Simulated views of trees or natural landscapes turn out to have a positive effect remarkably similar to that of real nature.
A green, calming atmosphere can indeed be created artificially. Nature is unambiguous and has a positive effect on nearly everyone, even when what they see is only a projected image of it. It is far better than the use of abstract art or a pronounced use of colour that will not meet with universal appreciation and will sometimes even arouse unwanted associations, fear or gloom.
The day-surgery centre of the VU Medisch Centrum in Amsterdam has decided to make full use of the remarkable effects of simulated nature. In their surgery building, designed by D/DOCK Design, all patient experience components are addressed. Among other things, this becomes visible in the organic shapes, the carefully chosen materials and the patient-controlled curtains and lighting. A striking feature is the long, translucent wall showing slowly moving images of plants. The artificial lighting approximates natural daylight as closely as possible. The ceilings above the hospital beds have been screen-printed with pictures of tree crowns as seen from the ground, giving off the impression that patients are actually lying on the forest floor. This makes for a much more pleasant waiting and waking-up experience than under the fluorescent tube lighting that most patients in hospitals still have to endure.

IMAGE SOURCE: JUURLINK [+] GELUK EN EGM ARCHITECTEN
Green surgery rooms
The Ter Gooi Ziekenhuis (hospital) in Hilversum has taken a remarkably adventurous step by moving surgery rooms out of the hospital and into the surrounding landscape. In this case it was the oncology department that took the initiative for erecting a half-open pavilion where, during nine months of the year, with sufficiently clement weather, patients can undergo chemotherapy surrounded by nature. The project was motivated by a desire to improve patients’ well-being and reduce the seriousness of post-treatment residual effects and complaints. A welcome direct effect has been that patients report feeling less ill in what has rather unceremoniously been dubbed the chemotuin (chemo garden) than in traditional surgery rooms. The design, by VANDERSALM-aim, has been greeted with great enthusiasm by the patients involved.

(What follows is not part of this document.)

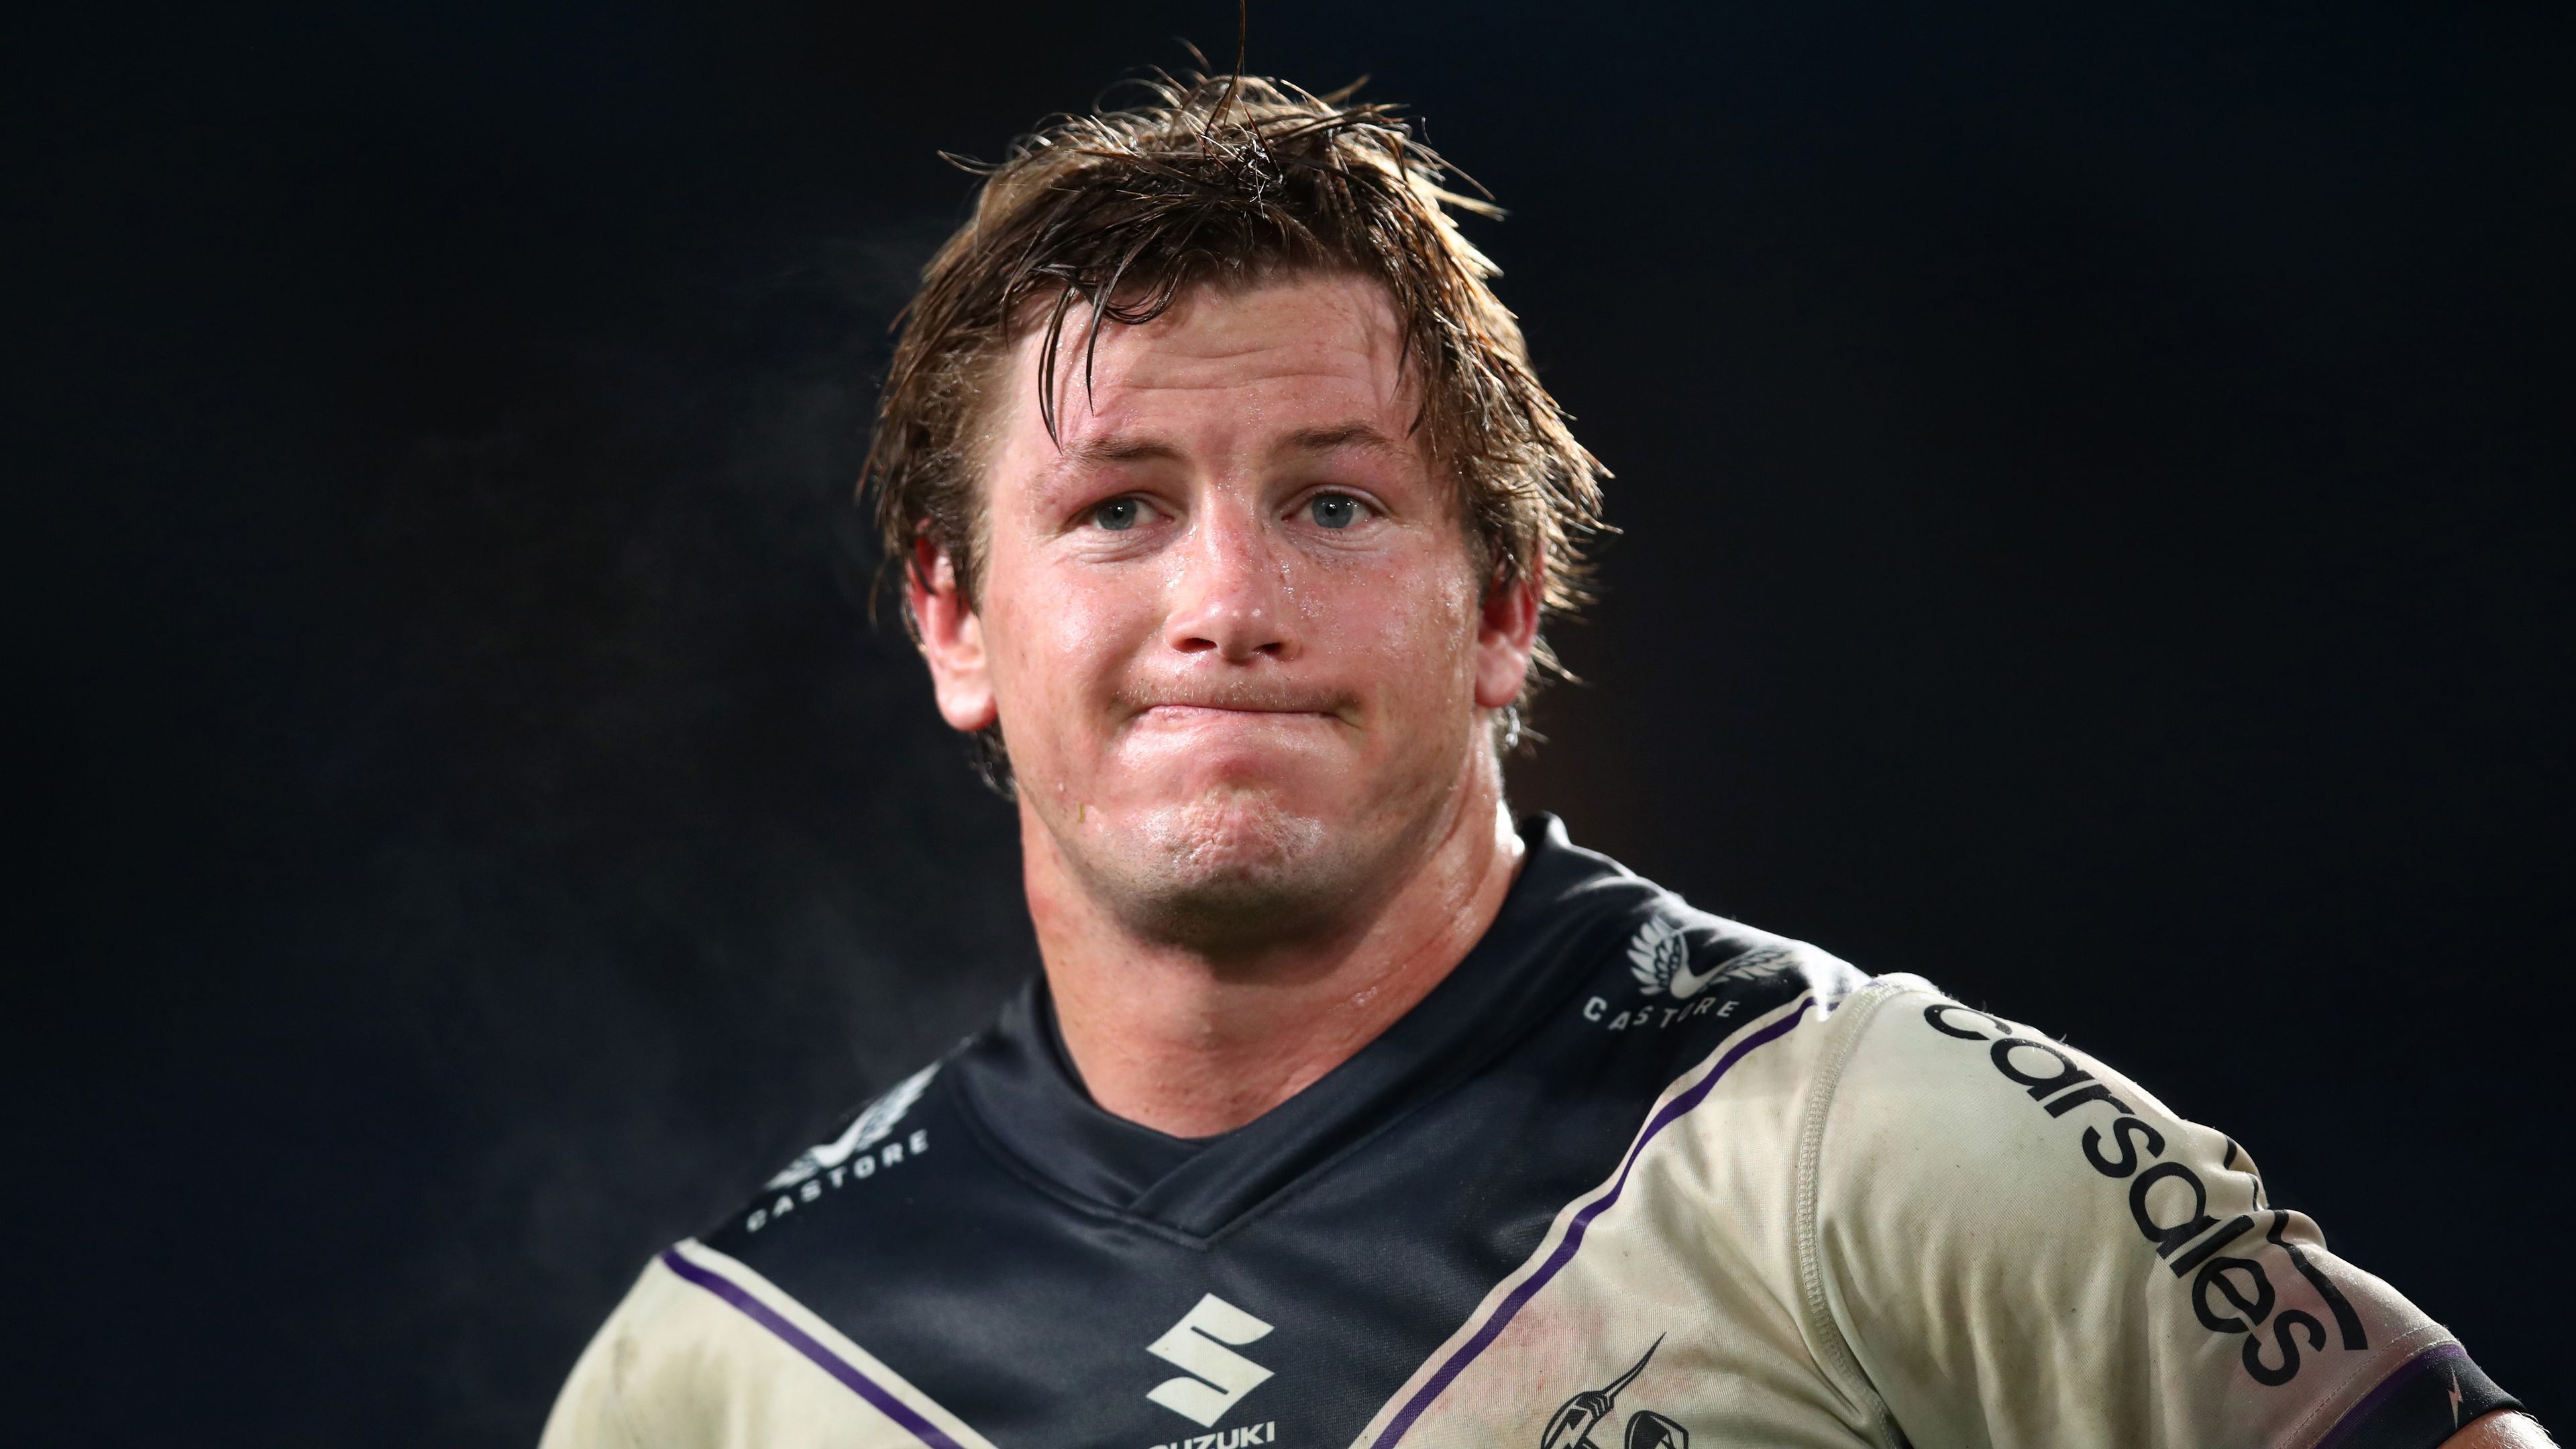 Harry Grant of the Storm looks dejected after a loss during the round 19 NRL match between the South Sydney Rabbitohs and the Melbourne Storm at Stadium Australia on July 23, 2022 in Sydney, Australia. (Photo by Jason McCawley/Getty Images)

Bottom: Through the application of a large number of plants the atrium has been given a more friendly appearance


In the Hilversum hospital, chemotherapy, in most cases mainly accompanied by negative associations, has become a more positive and, in some cases, even relaxing experience. Another thing that deserves mention here is the active involvement of patients in the design of the layout of the pavilion.
The examples presented above show the surprisingly large range of possible uses of nature and greenery in and around hospitals. Research into clinical outcomes and economic outcomes increasingly points to the advantages of greening the hospital environment. I believe, in the not too distant future, architects and landscape designers will, in conjunction with their clients, come to see nature in and around hospitals as a, dare I say it, natural precondition. An image-enhancing development for the hospitals themselves but also, and more importantly, a crucial and manageable step towards greater patient well-being.